▸ **Task item**: All lines from the one that contains "Laver les produits" to the end of the data must be retyped exactly. Pictures are not retyped.

▸ **Dataset content**:
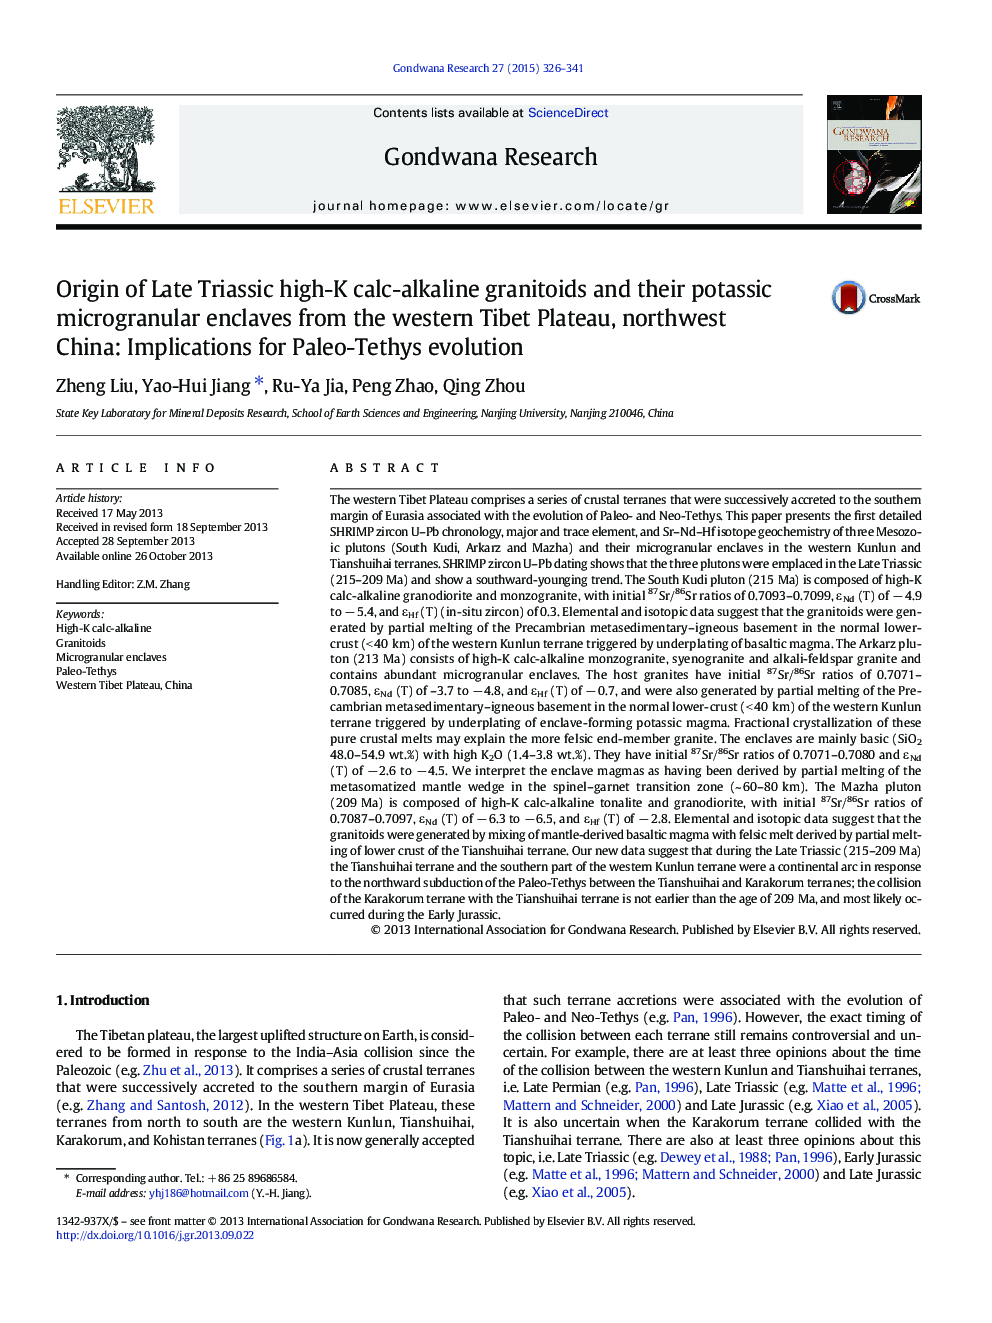 منشا گرانیتویدها کالک-قلیایی بالایی از تریاس بالا و انلواکهای میکرو گرانول پتاسیم از پلاتو غربی تبت، شمال غربی چین: پیامدهای تکامل پالو تتیس 
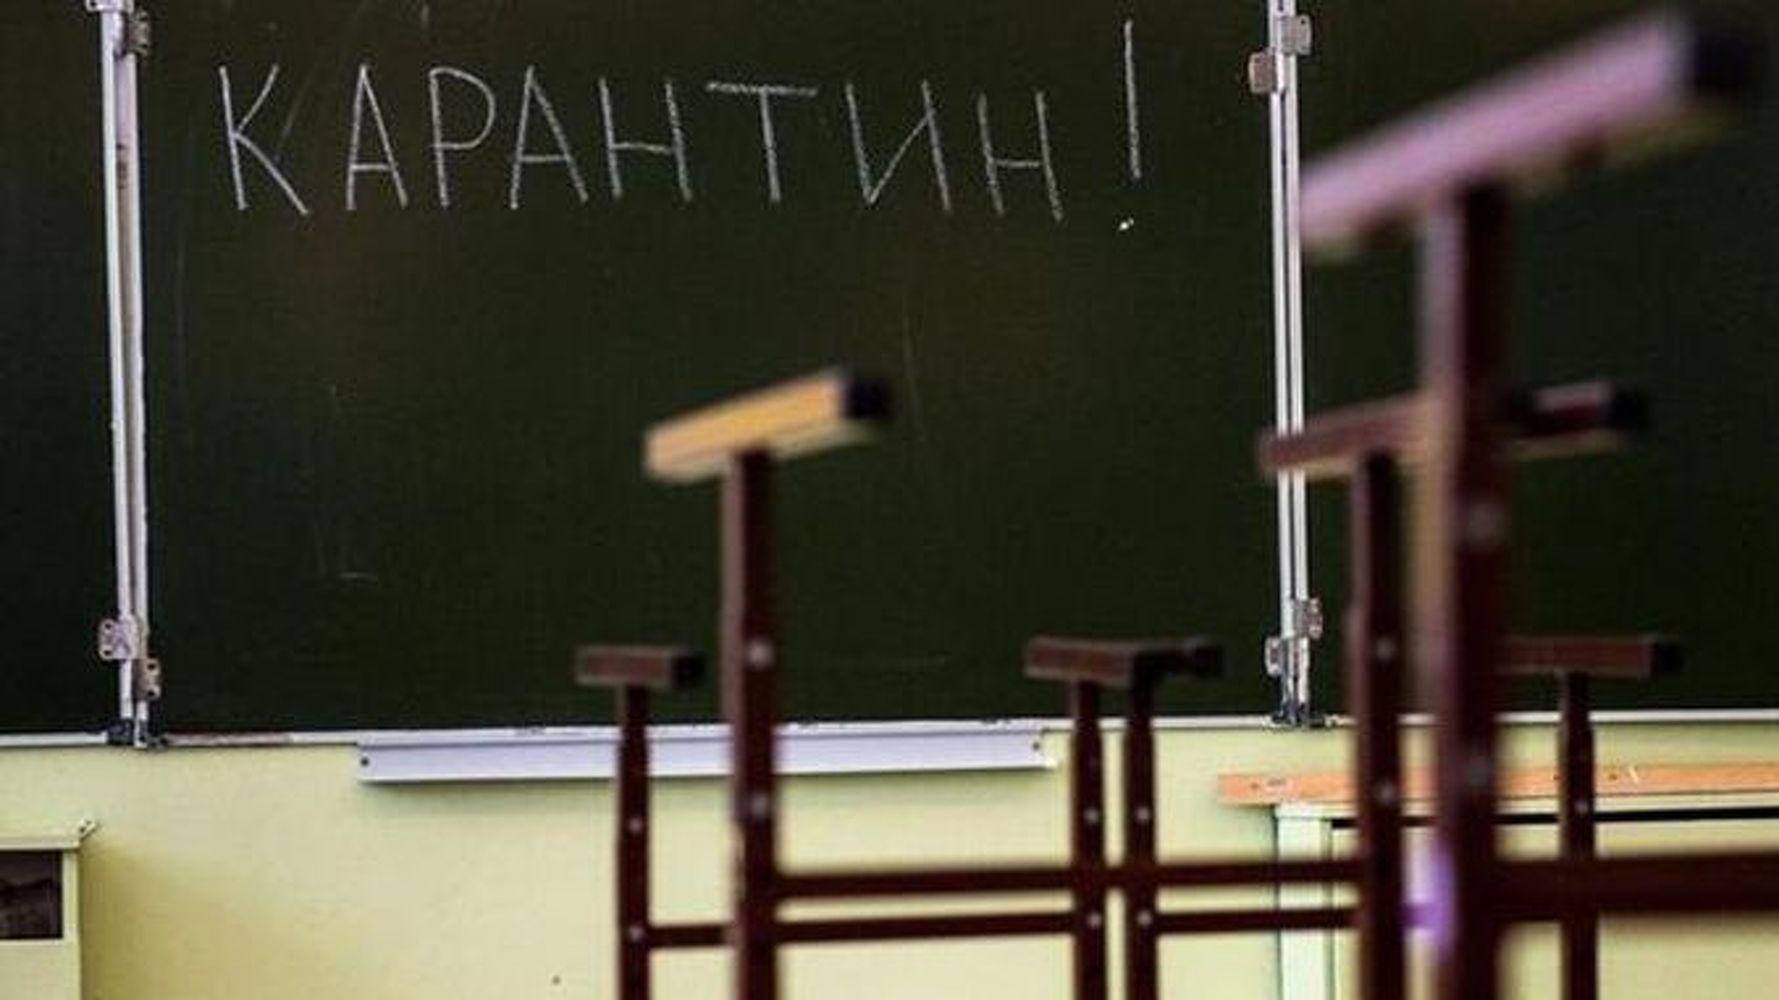 Почали хворіти вчителі та сім'ї учнів: у школі на Волині виявили спалах коронавірусу - Україна новини - Освіта
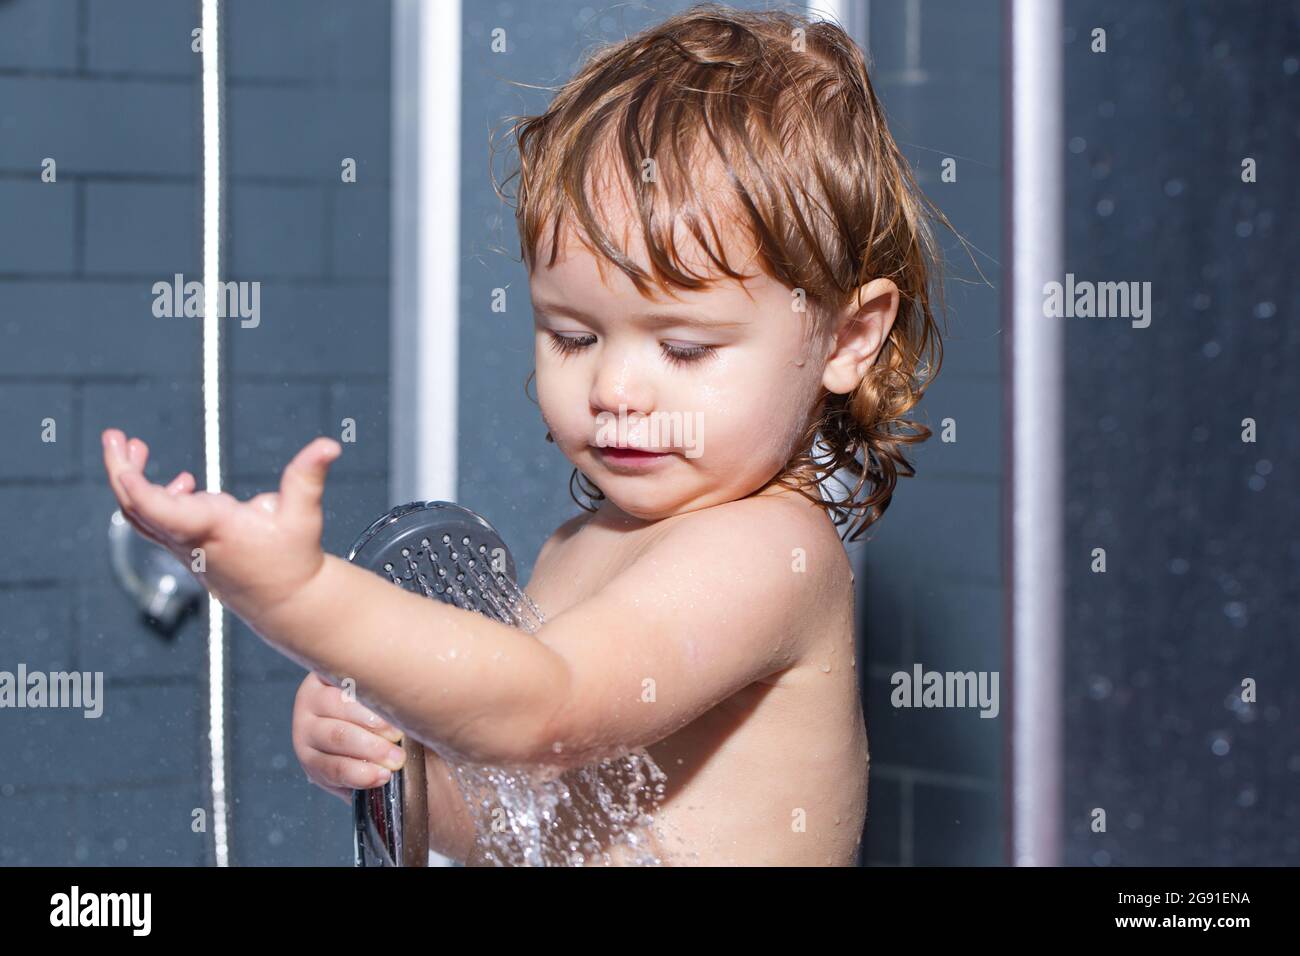 Laver les produits d'hygiène et de soins de santé pour nourrissons. Un petit enfant lave ses cheveux dans le bain Banque D'Images
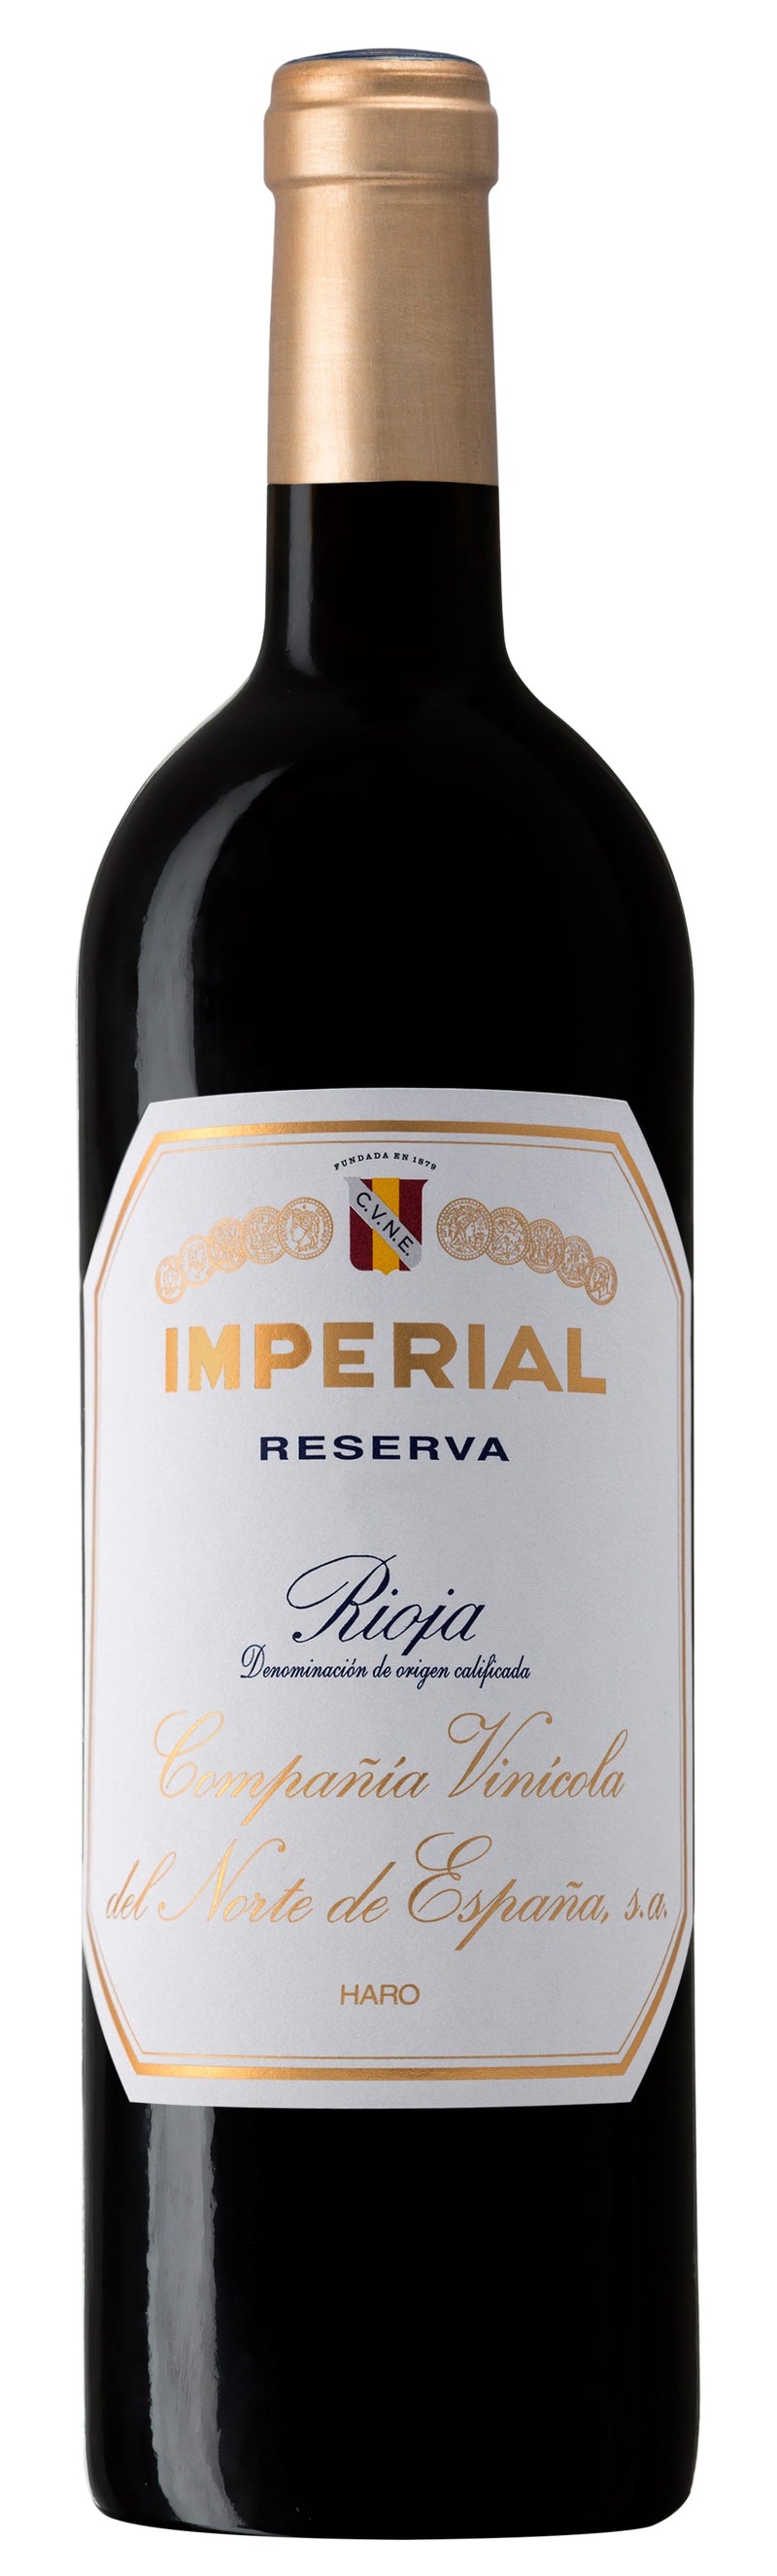 Cune Imperial Reserva Rioja 2017 750ml

▸ **Task answer**:
 Laver les produits d'hygiène et de soins de santé pour nourrissons. Un petit enfant lave ses cheveux dans le bain Banque D'Images
 Cune Imperial Reserva Rioja 2017 750ml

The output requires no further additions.